Online petitions requesting a return to Facebook.com’s old design have popped up everywhere as teenagers and college students all over the nation cry foul over the social networking site’s new design. The site’s earlier, simpler interface has been replaced with a complicated series of tabs and menus that are much harder to navigate. Being a Facebook user myself, I decided to check it out and see if all the complaints were warranted. Here are some of the more significant differences I found:
* Popular “Poke” feature replaced by the more blunt “Can We Just Fuck and Get It Over With?” tab.
* If more than 50% of your photos feature you and your significant other, must choose a newly created relationship status known as Whipped.
* Anyone over the age of 35 with an account is placed in one of two categories: creepy or pathetic.

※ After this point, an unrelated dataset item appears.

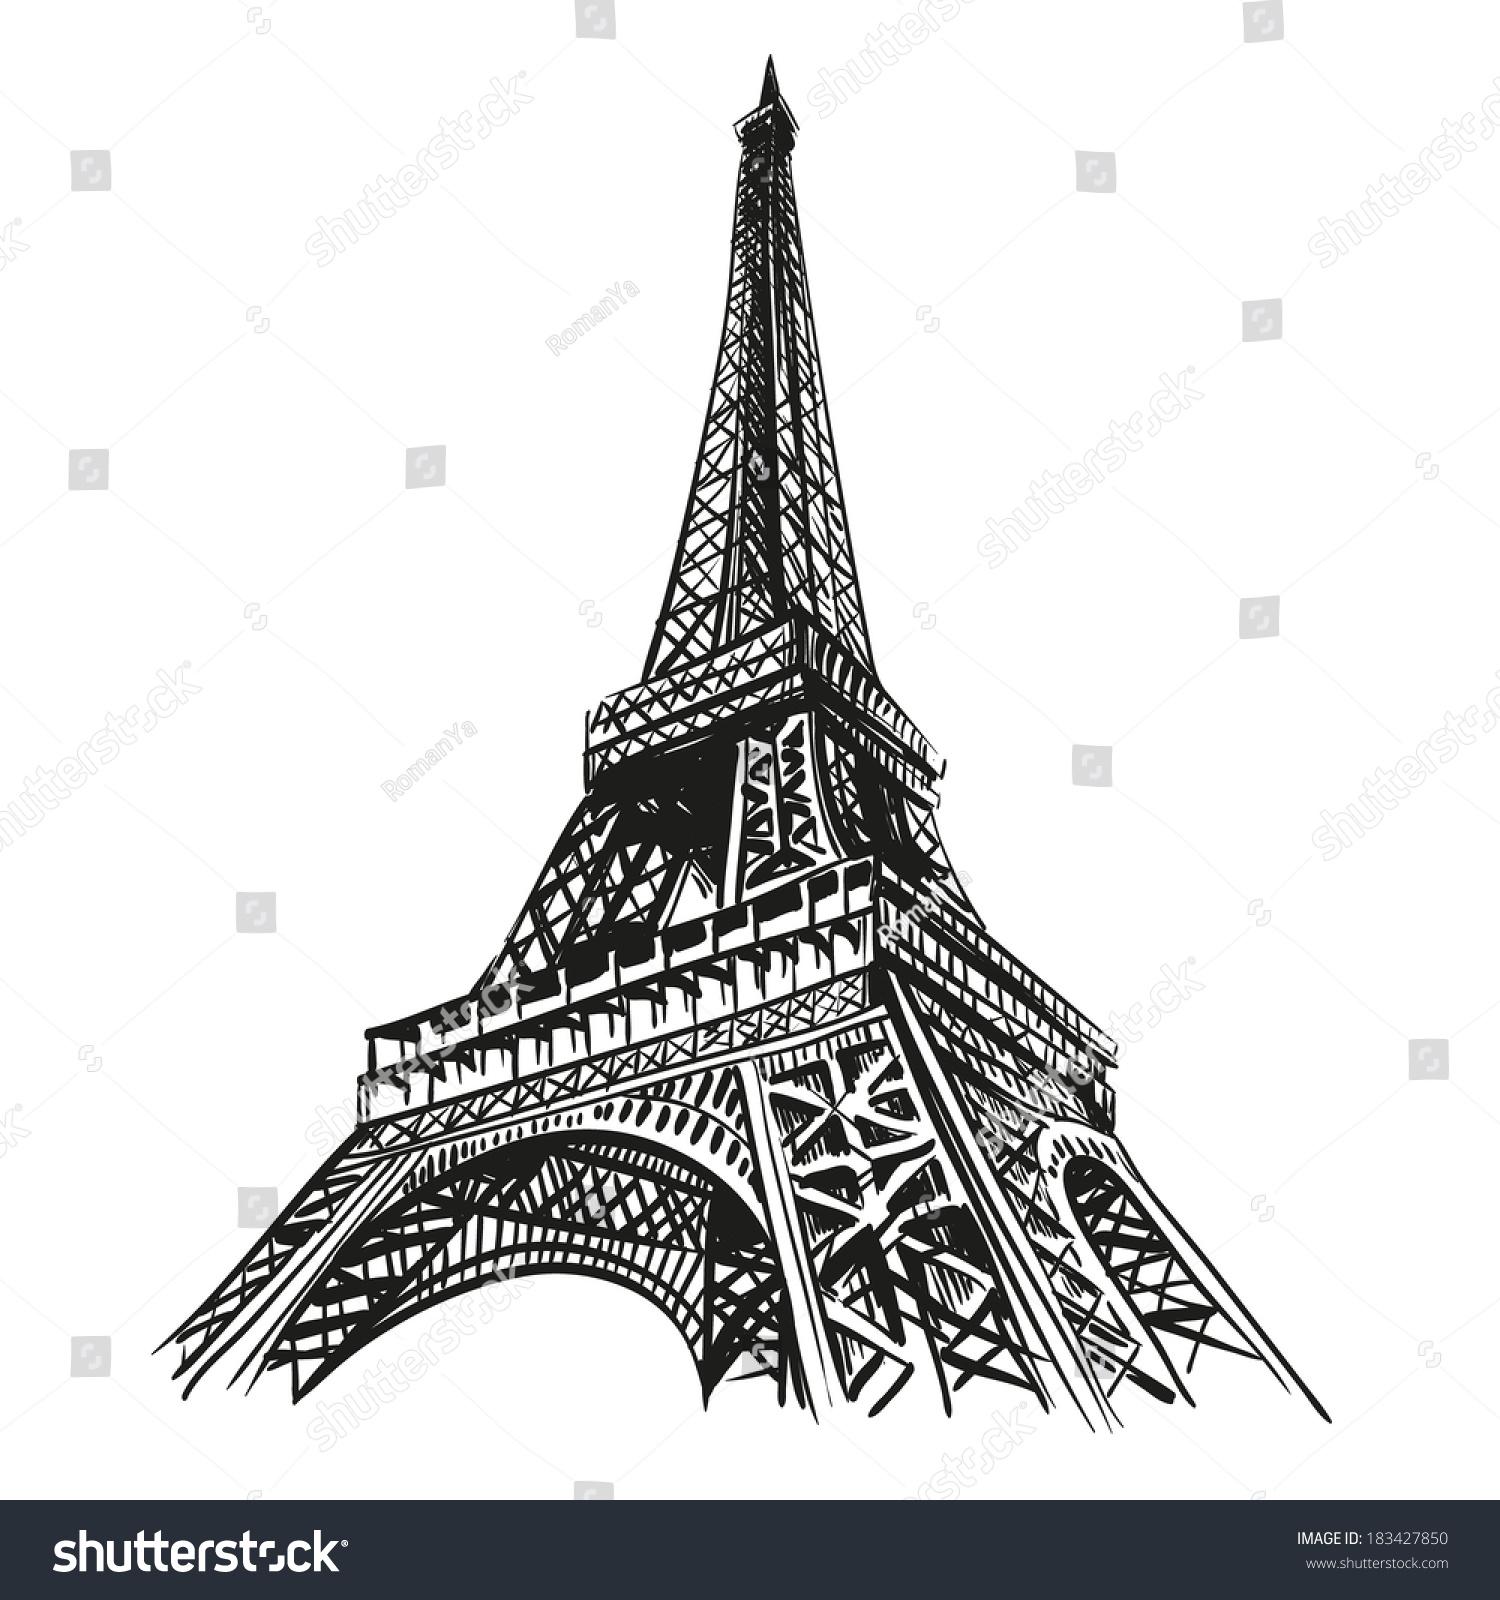 Paris Illustration: Hand Drawn Eiffel Tower Paris Vector Stock Vector

* In order to add someone as a friend, you must be able to produce proof of friendship that couldn’t be acquired through hardcore stalking.
* For the ladies: if there are two girls in your profile photo, you must clearly delineate whether you are the hot one or the dog face.
* In order to prevent drunk messaging, anyone logging on after 3 AM must blow less than a .08 into the Facebook breathalyze.
* An angry hawk will be dispatched to the house of anyone who tries to get you to be a pirate, or zombie, or ninja, or Dracula, or whatever the fuck else those losers are trying to get you to be.
* If you make more than 2 status updates in one day, your computer will grow robot arms and choke you out.
* In order to curb excessive use of the feature, every “bumper sticker” you receive is read aloud by Gilbert Gottfried repeatedly until you delete it.
* The new, more powerful Mini-Feed updates your friends every time you eat, breathe, or take a shit.
* In the upper right corner of every picture you’re drunk in, there’s a smaller picture of your grandparents frowning.